In the top of the fifth, Ryan froze Darryl Strawberry and Gary Carter on called punchouts for the final two outs of the frame, ticking his total up to 3,999. The moment prompted chants of "Ryan... Ryan... Ryan" from the fans.

In the bottom of the sixth, Bass homered to give Houston a 3–1 advantage. However, in the seventh, the Mets, benefiting from Astros' defensive miscues, parlayed that into two unearned runs, eventually sending the contest into extra innings.
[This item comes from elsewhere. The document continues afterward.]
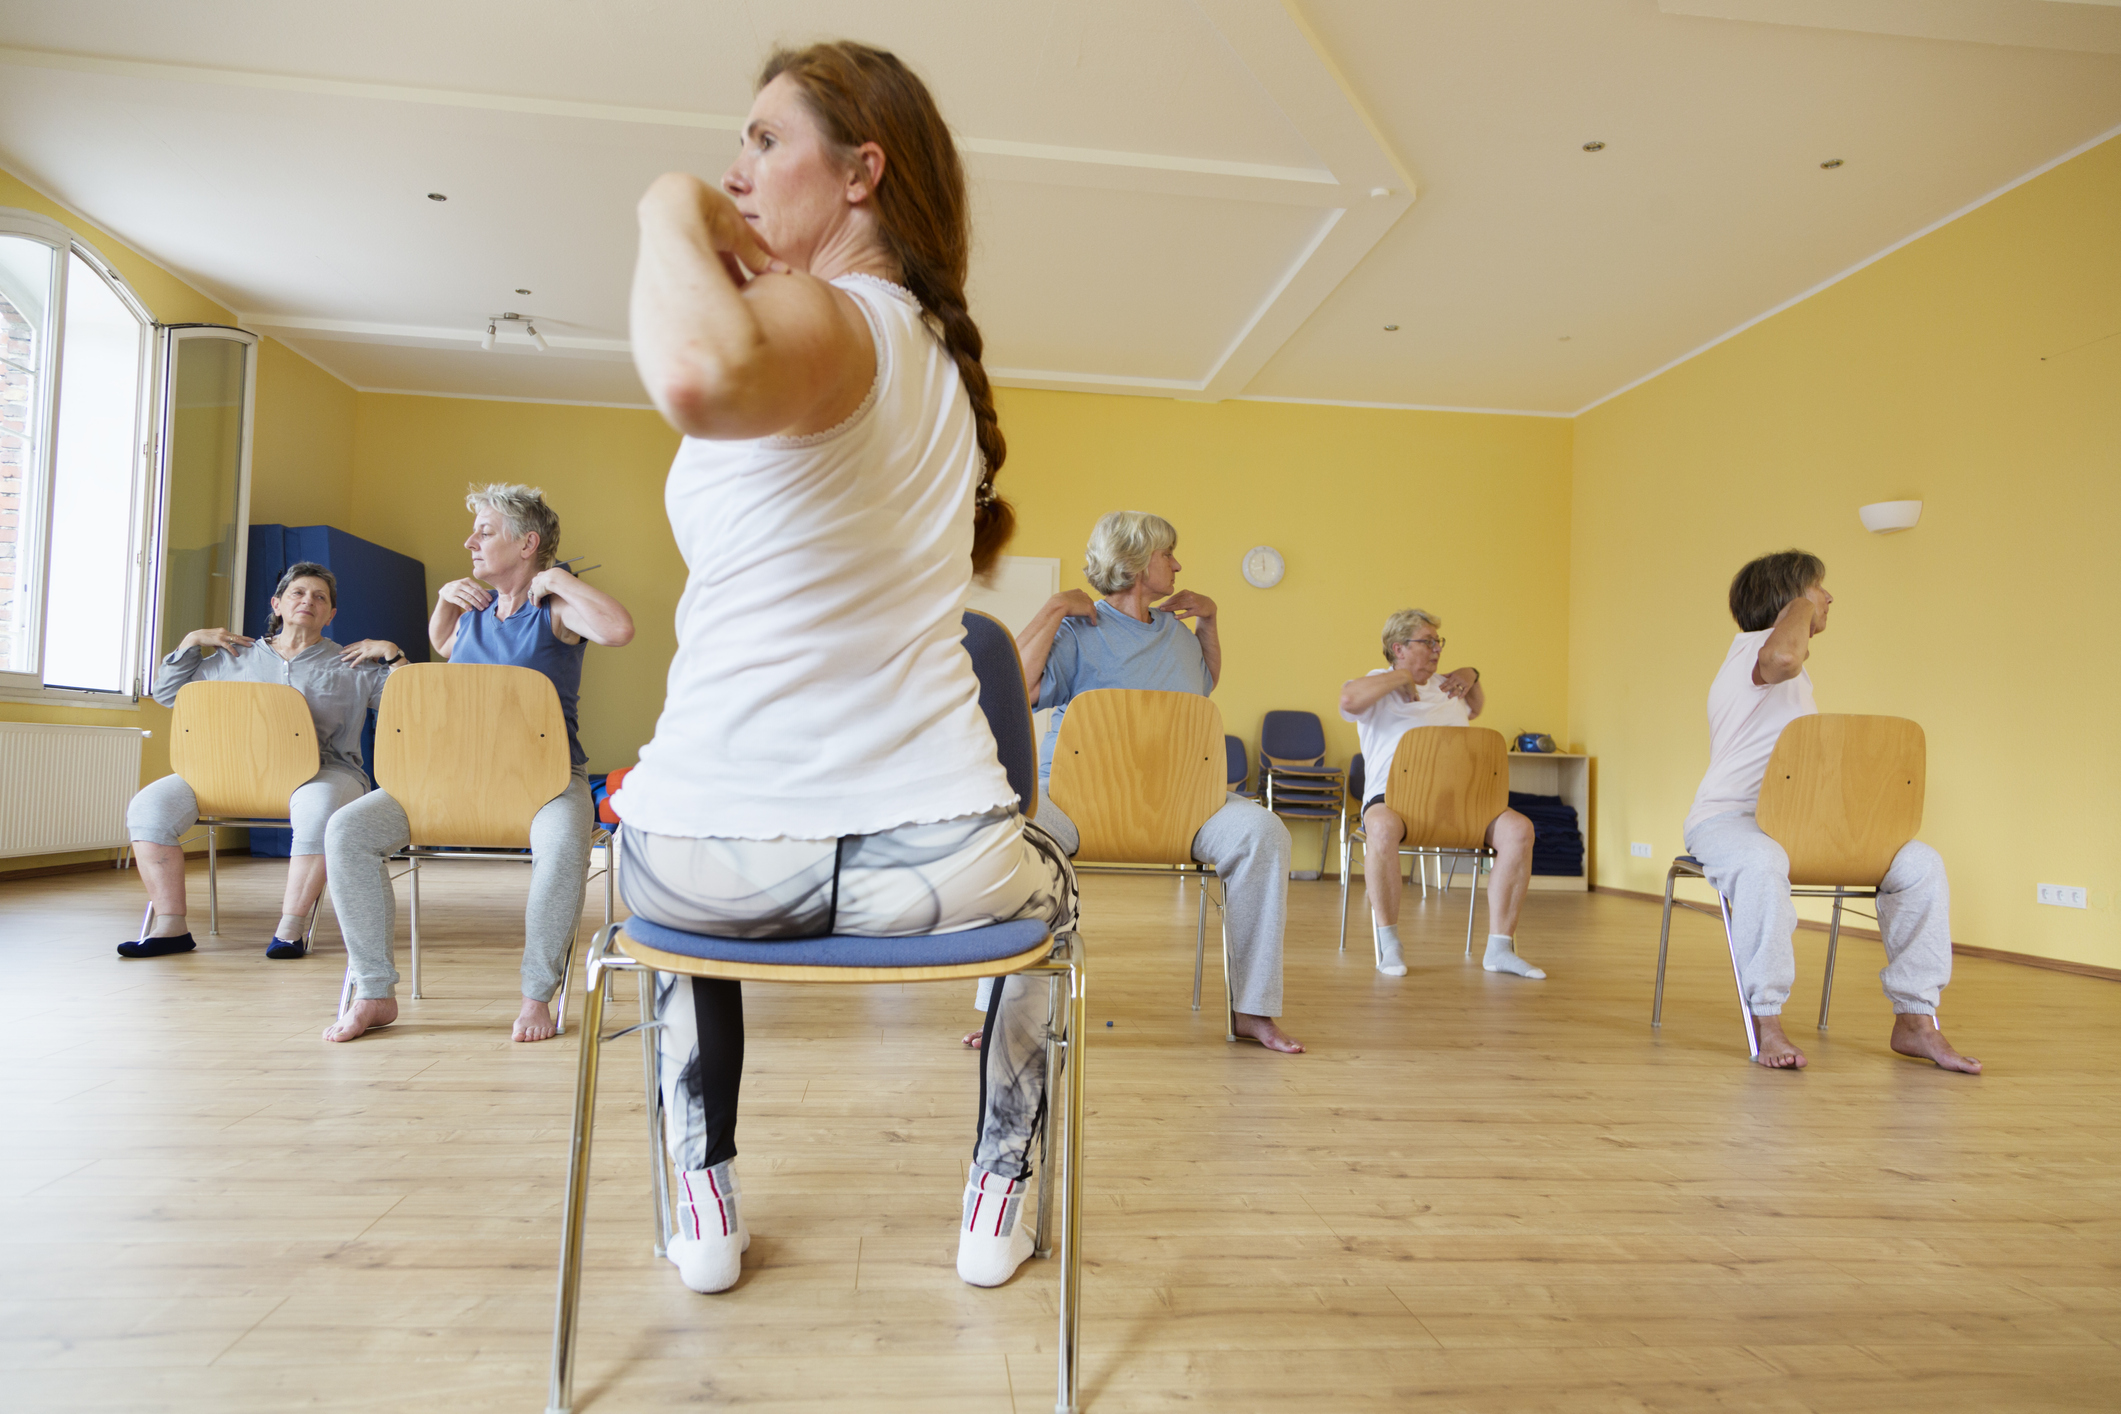 chair yoga for seniors can help you feel good

Center fielder Ty Gainey made a long sprint for a Lenny Dykstra fly ball only to drop that for a two-base error. Keith Hernandez bounced a grounder to Ryan, but Ryan lost the battle in a rundown with Dykstra, who took third, while Hernandez glided into second on the play. Strawberry then smacked a sacrifice fly and Carter followed with a run-scoring single to tie the contest, 3–3.
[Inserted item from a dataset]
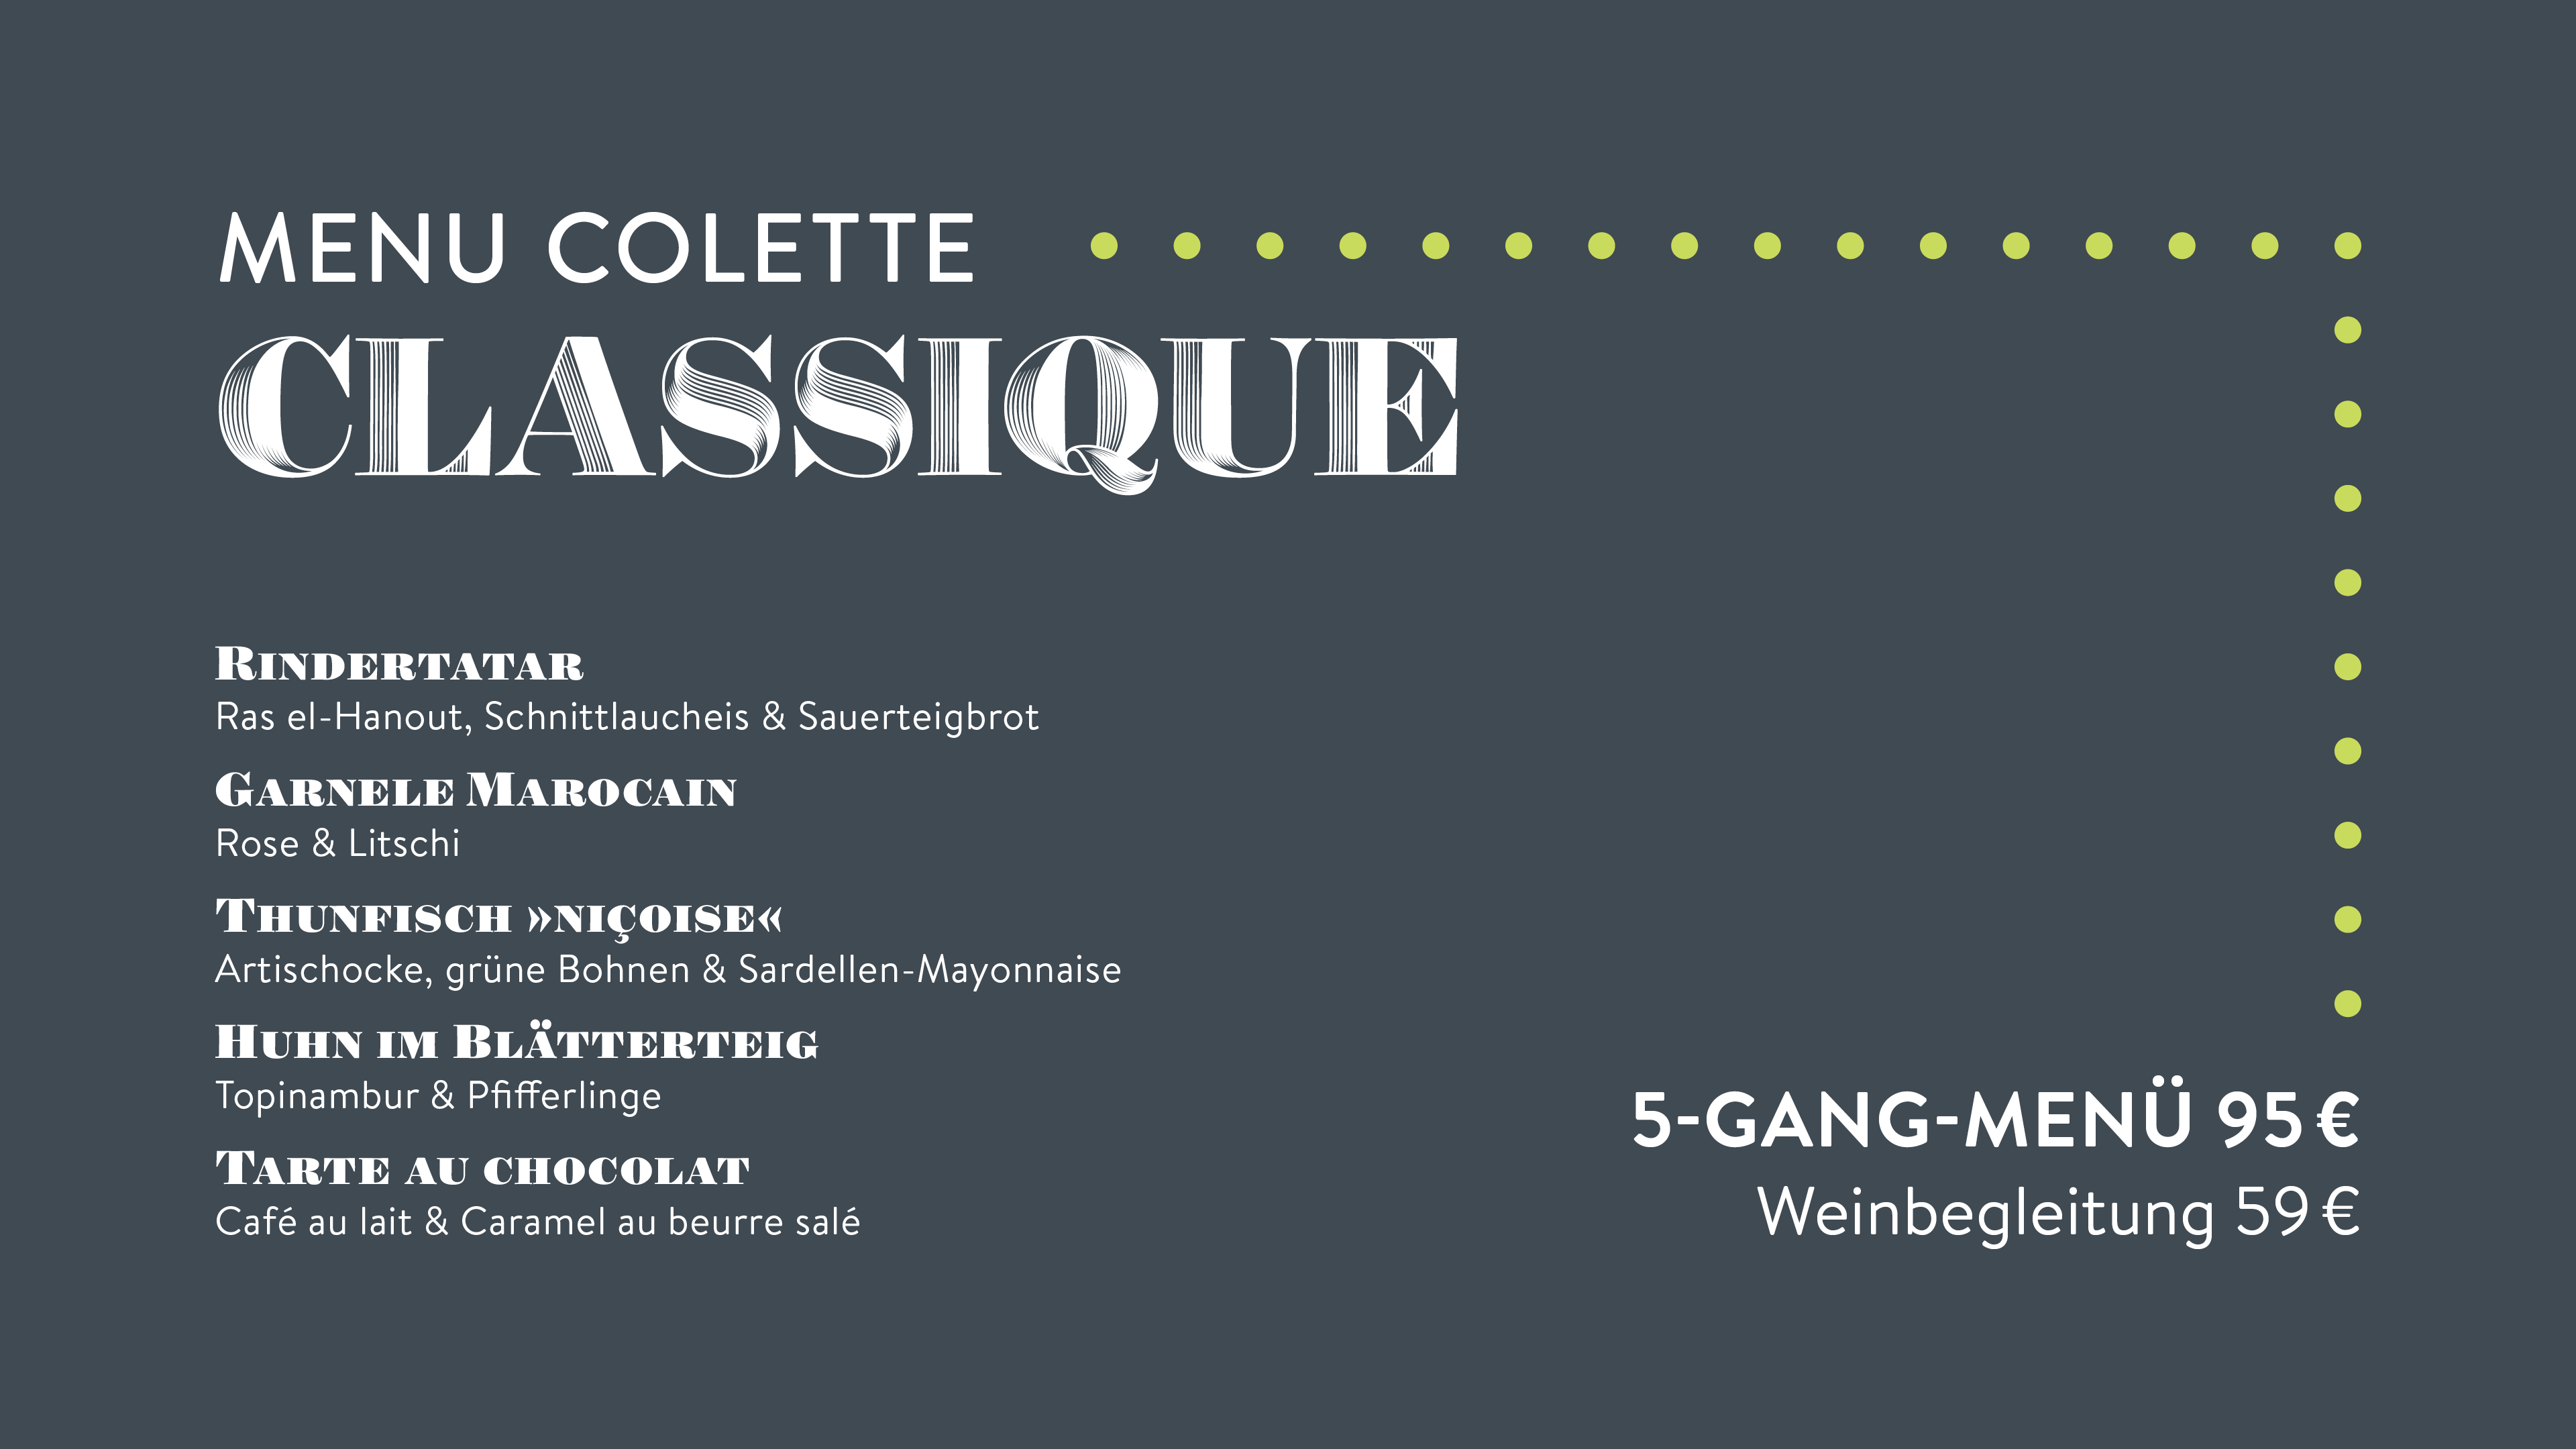 Speisekarte Menu Colette Classique 5-Gang-Menü

In the second inning, Ryan executed his trademark by whiffing Sid Fernandez and Rafael Santana. Carter and Heep followed with singles, and a wild pitch advanced both baserunners, presenting a chance for things to spiral. A bloop double by Howard Johnson plated New York's first run. Dykstra bounded out to second to stay the threat.

Wildness returned for Ryan in the third, who walked the bases loaded via Fernandez, Strawberry and Carter. This time, he found a more expedient escape when Heep grounded into a double play.

In the fourth, Ryan fanned Fernandez for the 3.997th of his career. In the bottom of the frame, Phil Garner singled and Glenn Davis also singled to score Garner and extend a hitting streak to six games.

Dickie Thon batted to a 7-for-14 hike spanning his previous three games. Dave Smith (5–3) tossed the final three innings, all scoreless, to pick up the victory.

In the 12th inning, Thon singled, and advanced on Smith's sacrifice hit. Doran followed with his fifth hit of the game to drive home Thon for a 4–3 Astros walk-off triumph. The five-hit game was the second of Doran's career, and the first by an Astro on the season. With that hit, Doran had collected eight hits in ten at bats.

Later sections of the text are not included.